→ Information provided:

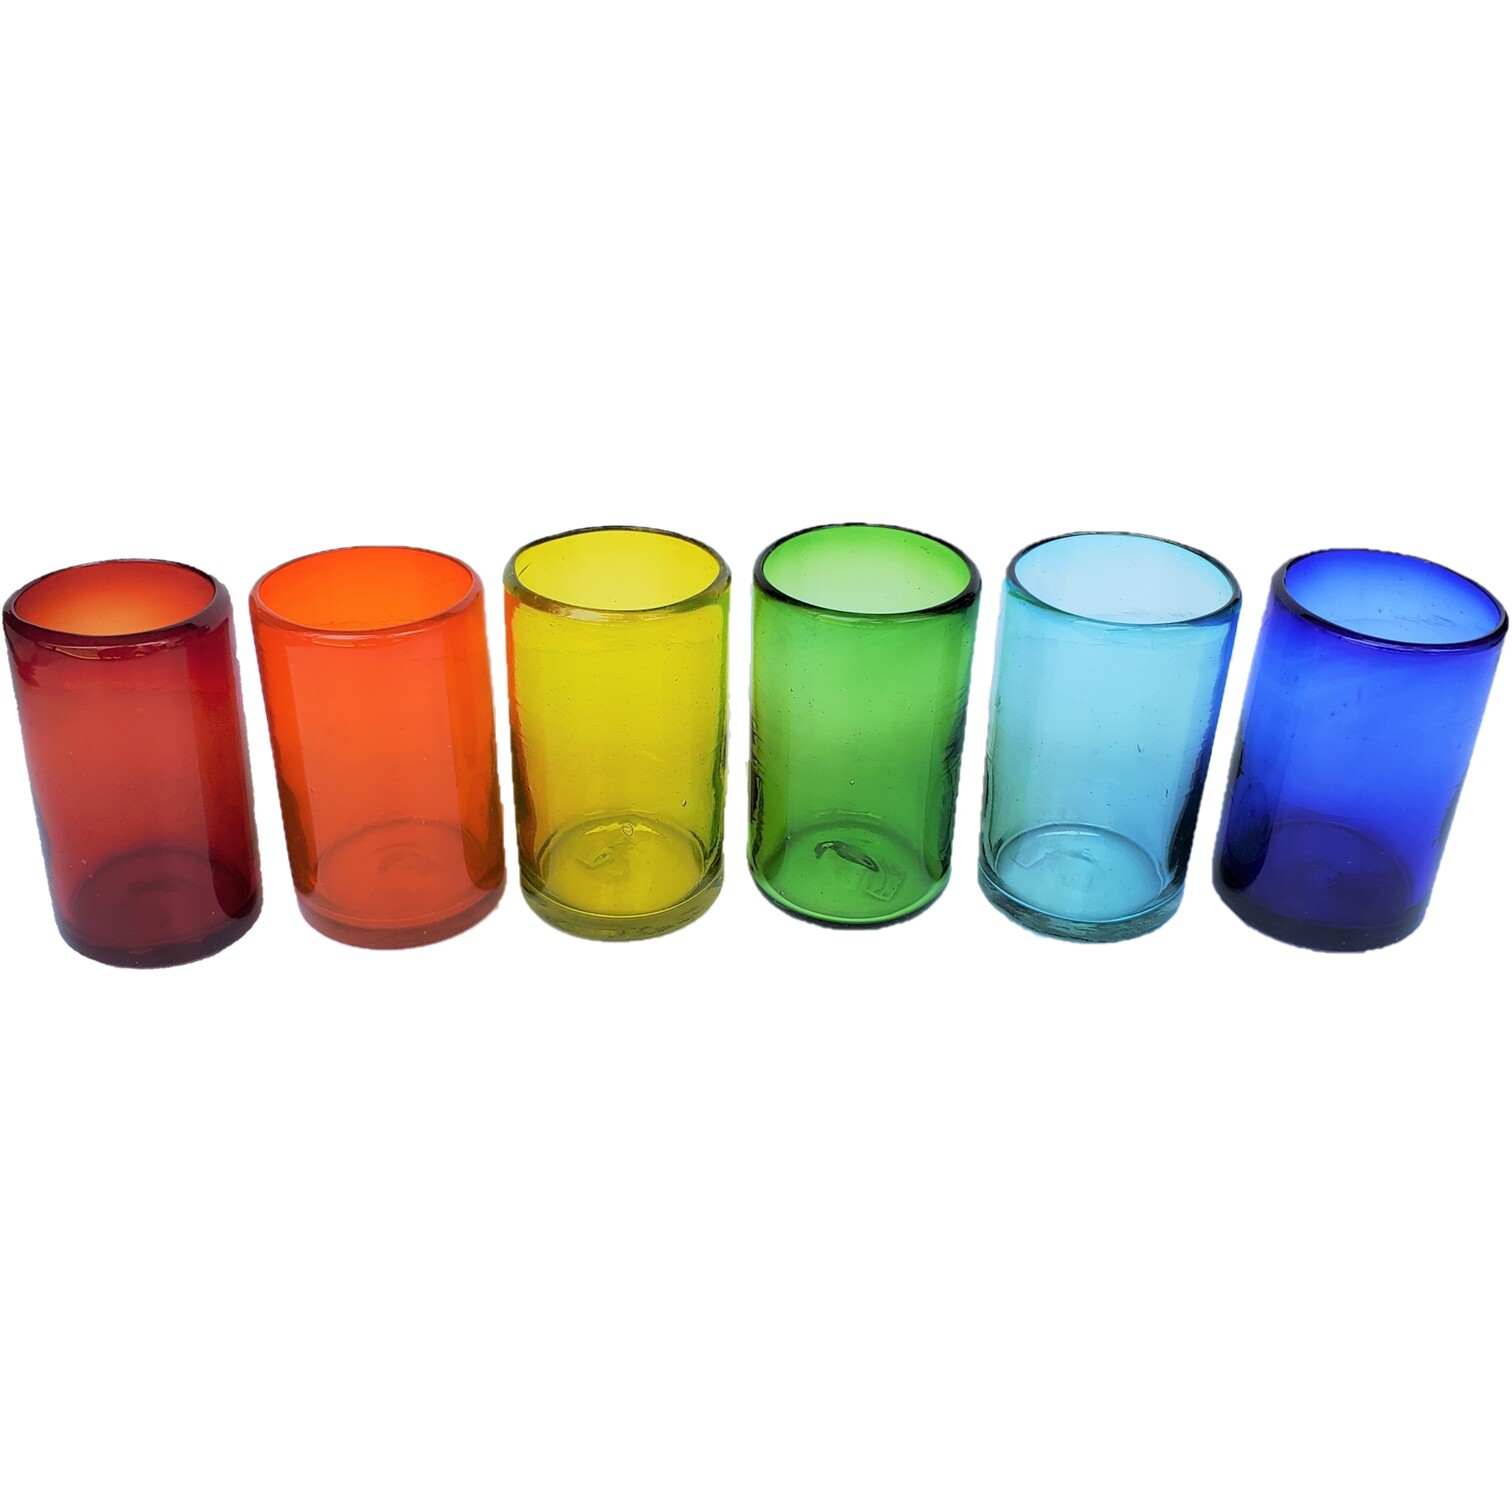 MEXICAN GLASSWARE / Rainbow Colored drinking glasses (set of 6) / These handcrafted glasses deliver a classic touch to your favorite drink.
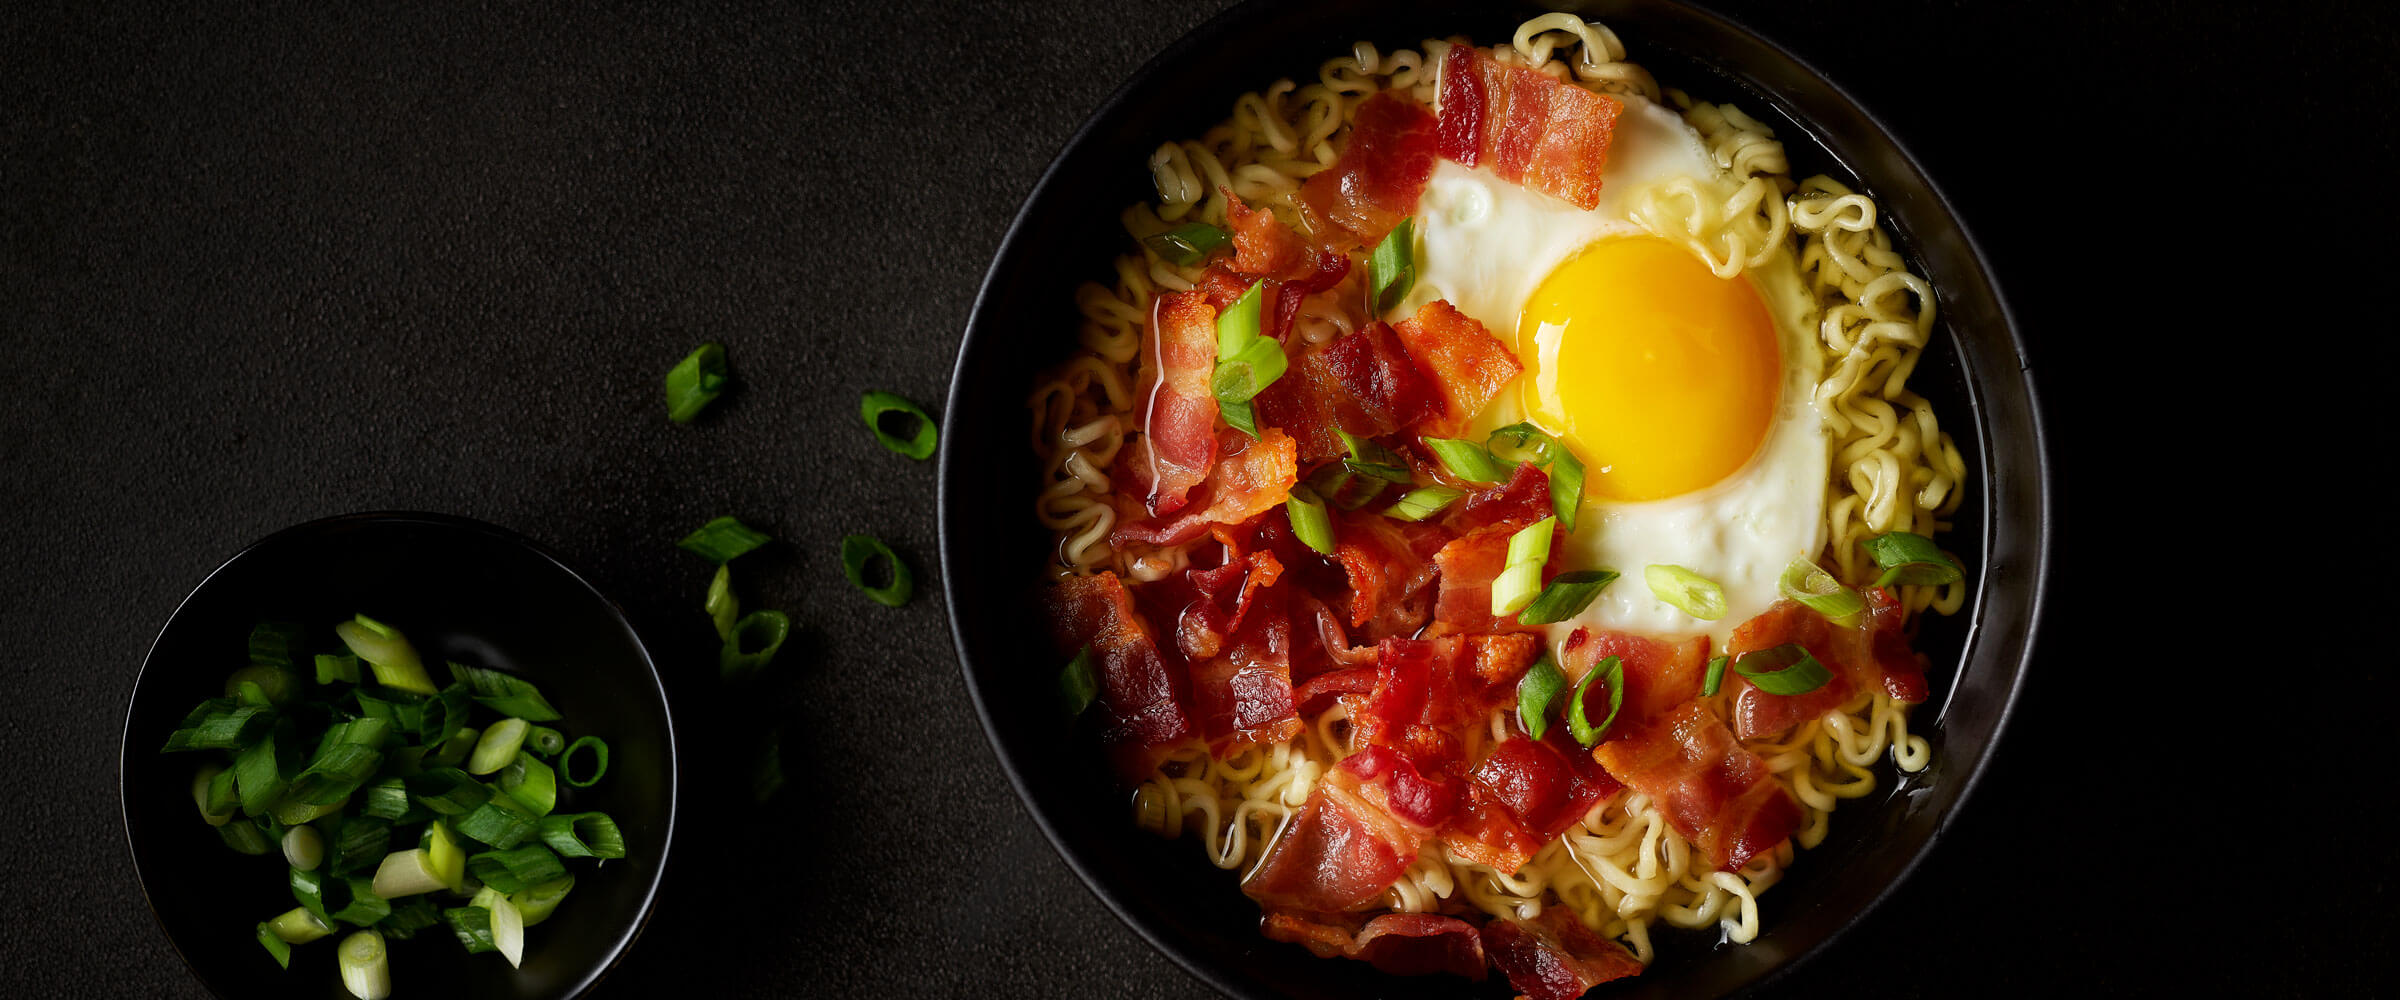 Bacon and Egg Ramen in black bowl topped with green onions
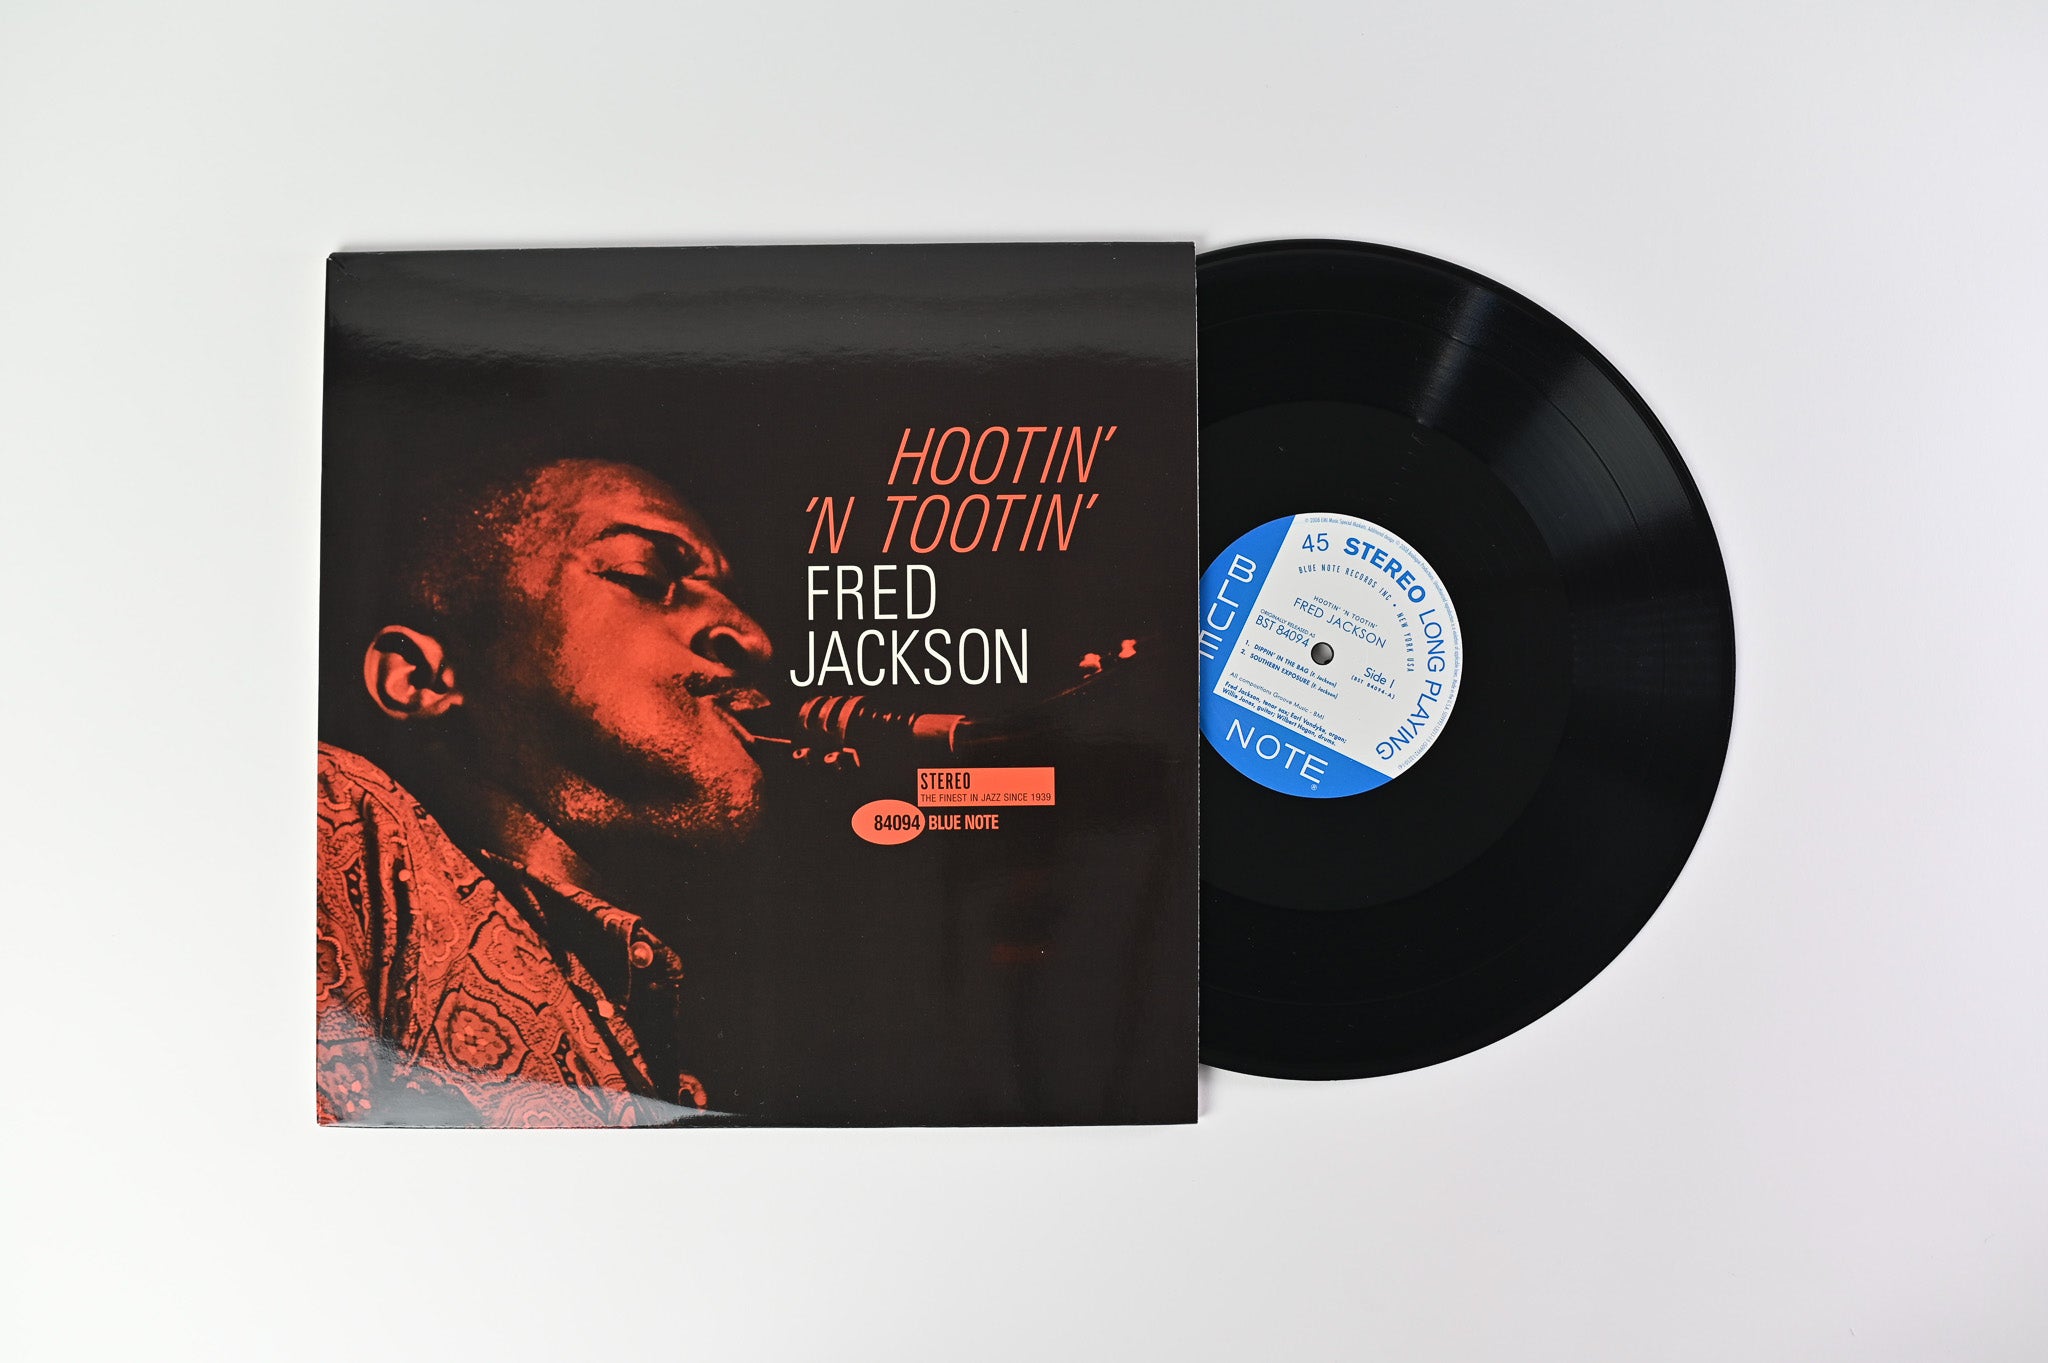 Fred Jackson - Hootin' 'N Tootin' on Blue Note Analogue Productions Reissue Numbered 45 RPM
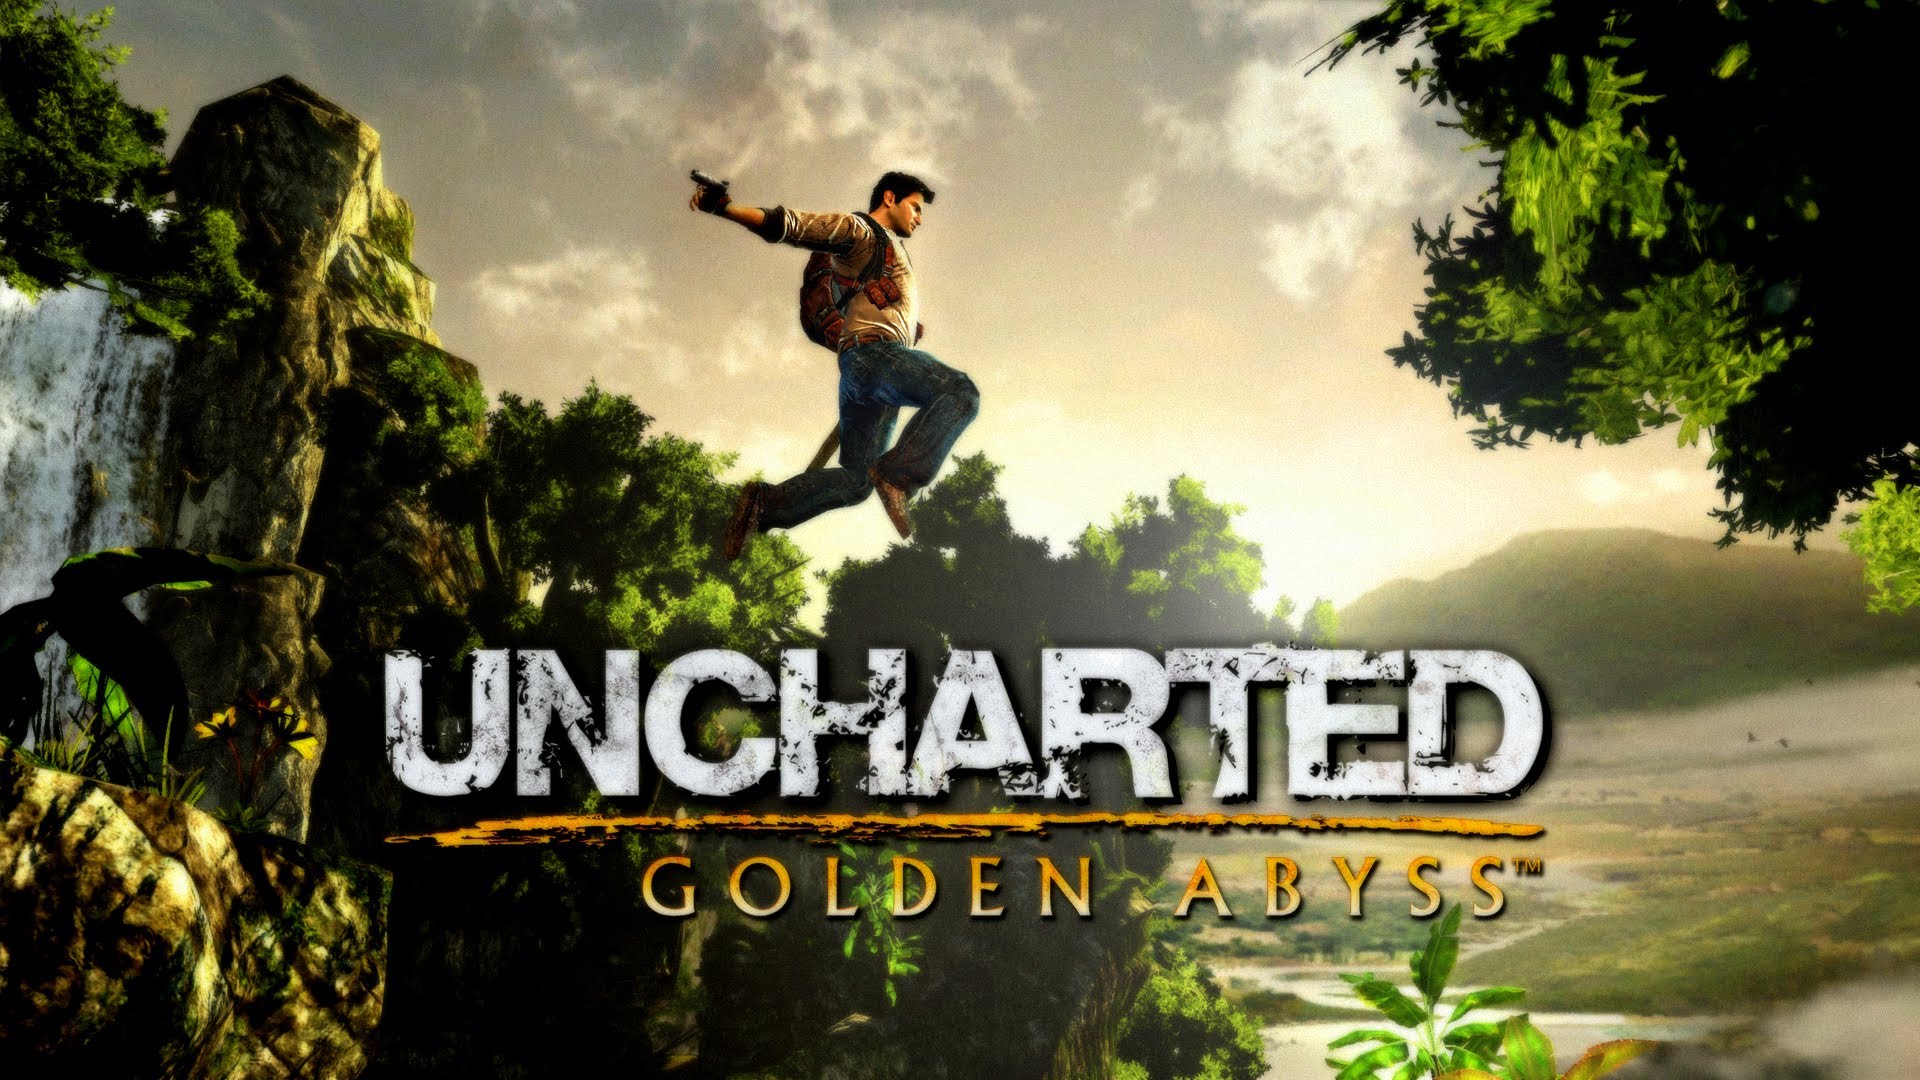 Will Uncharted Golden Abyss Make Its Way To The Ps4 Anything Is

→ About this exercise:
Return the material word for word. Pictures are not part of the copy.

→ Result of this task:
 MEXICAN GLASSWARE / Rainbow Colored drinking glasses (set of 6) / These handcrafted glasses deliver a classic touch to your favorite drink.
 Bacon and Egg Ramen in black bowl topped with green onions
 Fred Jackson - Hootin' 'N Tootin' on Blue Note Analogue Productions Reissue Numbered 45 RPM
 Will Uncharted Golden Abyss Make Its Way To The Ps4 Anything Is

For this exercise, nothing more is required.